AFTER all the noise from civil society organisations (CSOs), demanding that the Democratic Progressive Party (DPP) refunds the K13.5 million it got from some parastatals for a party event, it is surprising that the activists have backed down on the demands after meeting the party.
The CSOs have been on DPP’s neck, to the point of pursuing legal action, to compel the party return the funds which belong to Malawians. DPP on the other hand, has been playing their usual defence on any accusation; abusive language, threats and simply looking away and ignoring the plea and advice.
So, to learn that a two-hour meeting between the two parties actually ended up not discussing the issues at all, with the CSO’s only saying it will be handled in another meeting “in the near future” is to say the least, insulting to Malawians. To begin with, this issue did not even warrant a meeting between the two parties; all that is needed is for the DPP to refund the money, and that is what should have been the agenda of the day.

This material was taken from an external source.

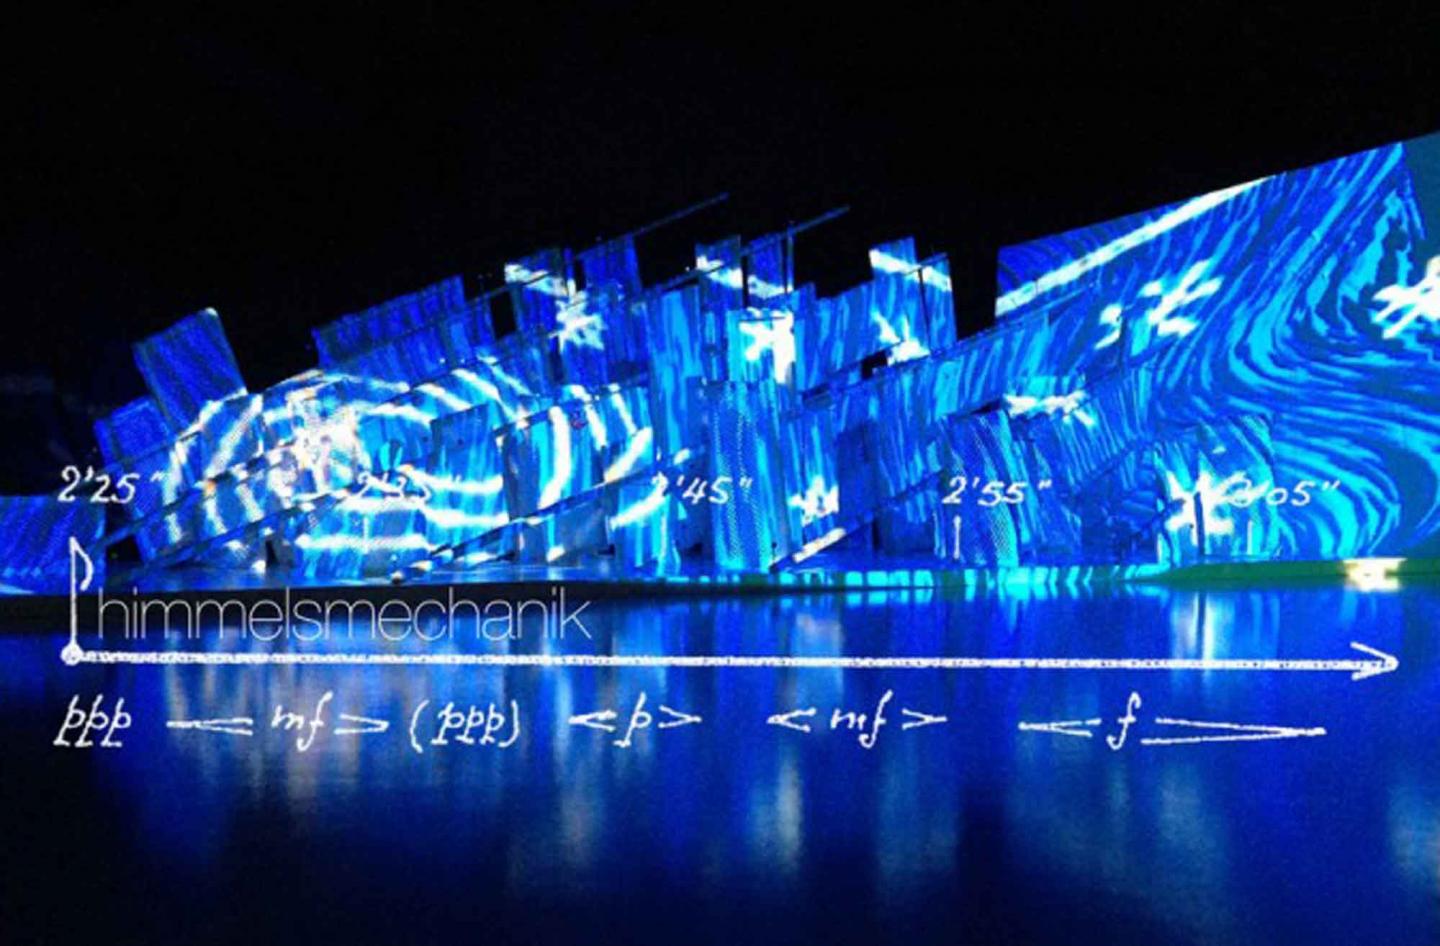 LHC data triggers operatic visuals in Berlin

We find it exasperating how the CSOs can bow down to a mere apology from the party on the abusive language it used and walk away believing that a dialogue had been reached or that the party had somehow ‘repented’. DPP is a party whose conscious is long dead; the CSOs should know this better than anyone else, so a mere apology from them does not warrant non-recurrence of a similar abuse of power in future.

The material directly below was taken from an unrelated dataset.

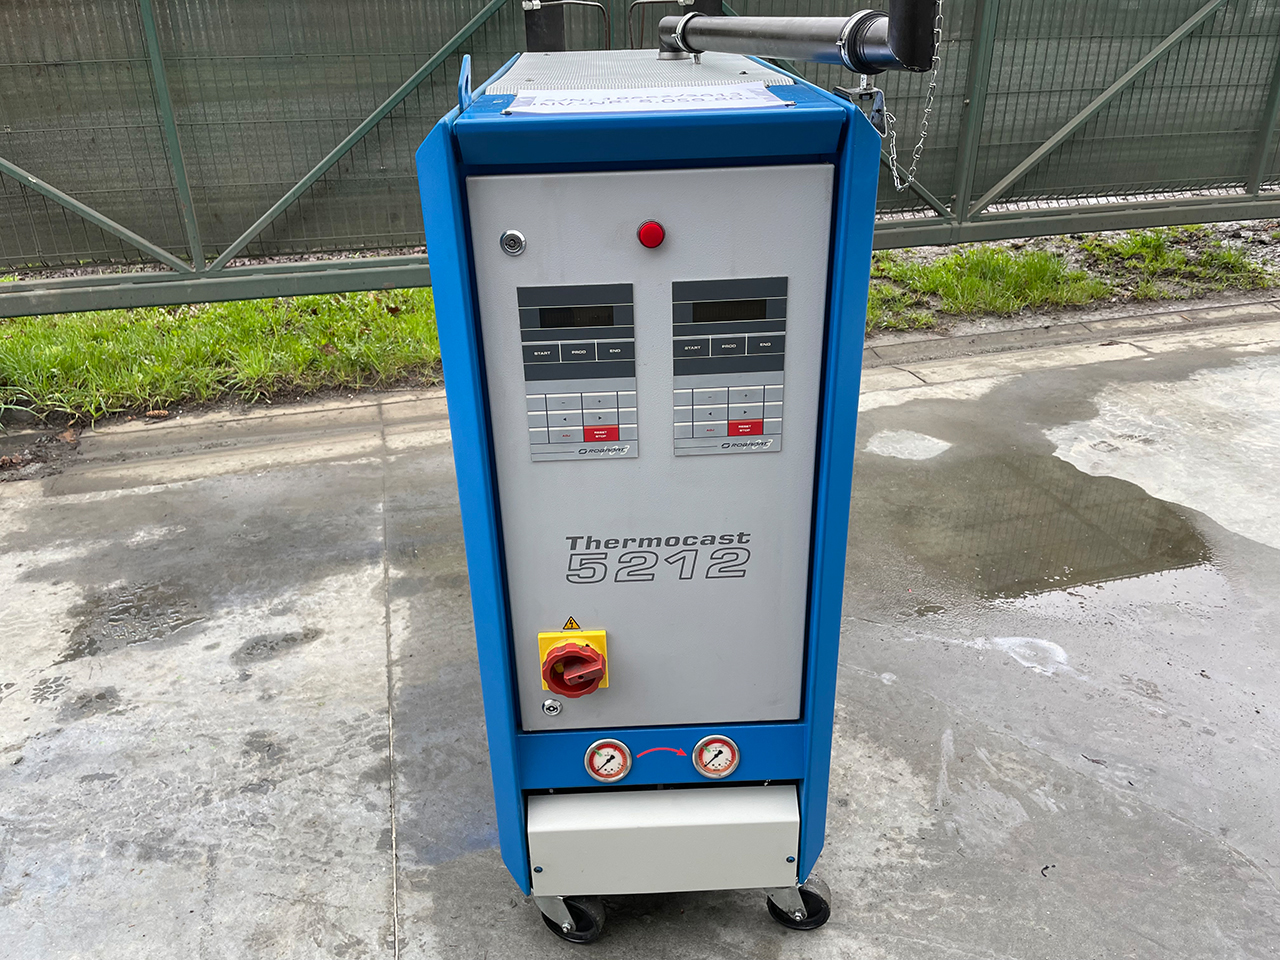 Robamat Thermocast 5212 oil temperature control unit ZU2226, used

CSOs claim to work in the interest of Malawians but such warm reactions to crucial governance malpractice, especially after meeting the culprits, make us question their motives. If indeed their interests lie in the citizenry and not selfish gains, what did they discuss with DPP for a whole two hours which produced no resolution? Malawians know what they want from this debate; a full refund of their hard-earned money meant to service them. Anything less than this is unacceptable.